Not long ago, China’s four major regulators conducted a joint regulatory interview with Ant Group’s top executives three days before the company’s IPO and called an emergency halt to the listing. The relevant parties recently “wielded the knife” at Ant again, interviewing the group and putting forward Ant’s four major problems and five major rectification requirements.
The People’s Bank of China (PBOC) issued a notice on December 24, saying that the bank, together with the China Banking and Insurance Regulatory Commission (CBIRC), China Securities Regulatory Commission (CSRC) and State Administration of Foreign Exchange (SAFE), interviewed Ant Group for the second time. Pan Gongsheng, deputy governor of the People’s Bank of China, responded to media questions on behalf of the four departments on the interview on the 26th, disclosing that Ant had unsound governance mechanisms, illegal regulatory arbitrage, use of dominant market position to exclude peer operators, and damage to the legitimate rights and interests of consumers.
Ant has four problems, to five rectification?
In an interview with our reporter, Wang Jian, a senior economic media personality in the United States, described the Chinese official’s accusations against Ant as unreasonable, arguing that the authorities were merely looking for excuses and “showing off their muscles.
“Ant and Alibaba are very big companies, they will have compliance departments, that is, specializing in government laws and regulations, and now (the authorities) say they are driving without a license? Another interview is to caution the world, such a large company I have to whole, others are honest.”
At the same time, Pan Gongsheng also said that the central government has recently made a series of important deployments to strengthen anti-monopoly and prevent disorderly expansion of capital, Ant Group must integrate corporate development into the overall national development, and effectively assume corporate social responsibility, requiring Ant to carry out five rectification, including the return to the origin of payment; legal and compliant operation of personal credit business; the establishment of a financial holding company in accordance with the law; rectification of illegal credit, insurance, wealth management and other financial activities; there is also compliance with the securities fund business.

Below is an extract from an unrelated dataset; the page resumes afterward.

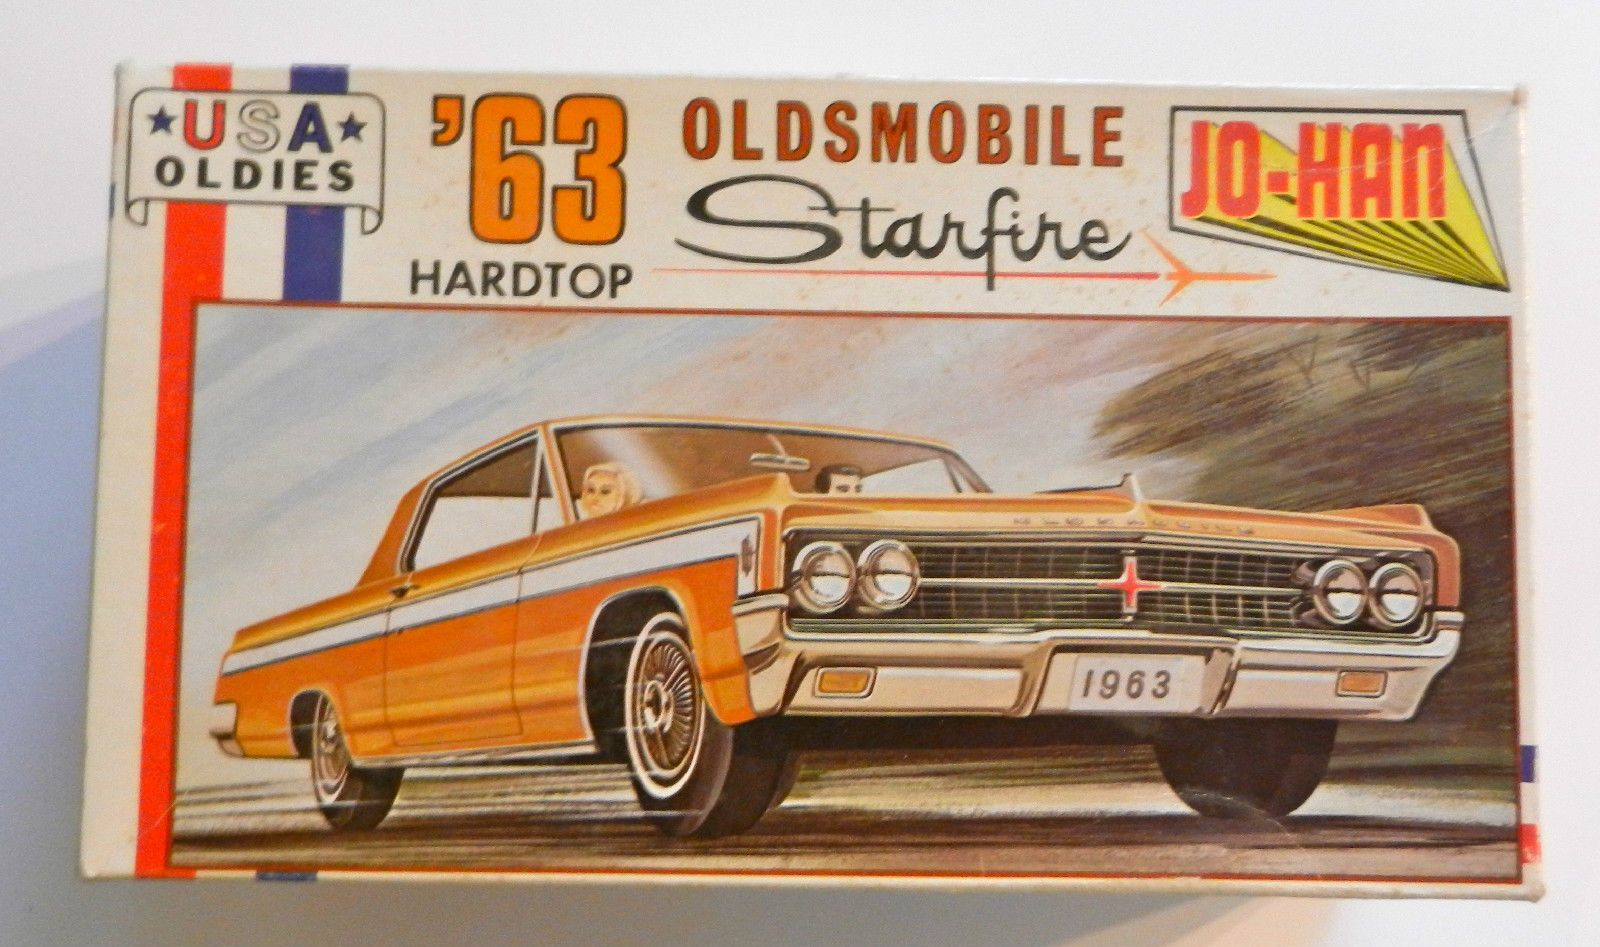 Jo-han \'63 oldsmobile starfire hardtop usa oldies 1:25th scale ...

Wang Jian told reporters that in recent years, Internet capital has been infiltrating traditional industries, moving the “cheese” of the Chinese government, which led to Ant being the focus of “attention” by the Chinese government.
“Now China’s Internet capital like Tencent, Alibaba, Jingdong, they have the advantages of capital, technology, management, market, when he penetrated the traditional industry, encountered the government’s ‘biological son’ state-owned enterprises. Then the government must step in and crack down on Ma, Ali, to warn these Internet capital, you can only keep in your Internet field, do not expand to the traditional field, or you will become the next Ma Yun.”
Authorities lose patience with Jack Ma?
Chinese officials have recently been “taking shots” at China’s Internet giants and have turned their guns on Alibaba and Ant Group, causing Jack Ma, founder of Alibaba and the de facto controller of Ant Group, to experience a painful fall from his high horse in just two months.
Earlier reports in the New York Times and Bloomberg mentioned that Chinese officials have long been alerted to the Internet giant’s growing threat to the authorities’ most valued political and financial stability, and have also long lost patience with Ma for daring to challenge authority.
Some analysts say that under the banner of “safeguarding public interests,” Beijing authorities are in fact using political tactics to silence the owners of leading companies and private firms, demanding that they “listen to the Party and follow it.
And just after Ant’s IPO fell through, Chinese President Xi Jinping released a clear political message that his ideal capitalist should put national interests ahead of business interests by visiting a museum featuring Zhang Jian, an industrialist from the early Qing Dynasty.
According to U.S.-based political and economic analyst Qin Peng, the trigger for the Ant’s “targeting” was Ma’s comments at a financial summit in October this year.
“At that time (Ma) criticized China’s financial regulation in a mess. This is a very sensitive nerve (authorities), financial stability can be directly said to affect the people in power can not sit stable problem.”
Private companies to be “nationalized”?
To add insult to injury, China’s State Administration of Market Supervision earlier issued the first anti-monopoly fines against three companies, including Alibaba, and then announced a case to investigate Alibaba’s alleged monopoly on the same day it interviewed Ant again.
According to the news from the financial sector, the central government intends to “dismember” Alibaba and Ant, splitting all independent businesses into new independent companies, with Ali and Ant retaining a controlling stake in each business company, but having to open up each business to state-owned enterprises. The Internet giants will be completely “nationalized” by the government in the name of “anti-monopoly”.
The New York Times also reported that China’s biggest domestic monopolies are not technology companies, but state-owned companies that dominate banking, finance, telecommunications, electricity and other basic industries.
A Sina.com user commented, “Of all the types of monopolies, it is only the forced restriction of market access that really hinders technological progress and economic efficiency. In fact, the real exploitation comes from power, not capital”.
Qin Peng also said that if the state capital into Alibaba or Ant, although it may only account for a very small part, “the Chinese government has a say, because if you move state assets, you will be branded as embezzling state assets, and occupy a seat on the board of directors, for further regulation in different areas, a lot of things can be done.”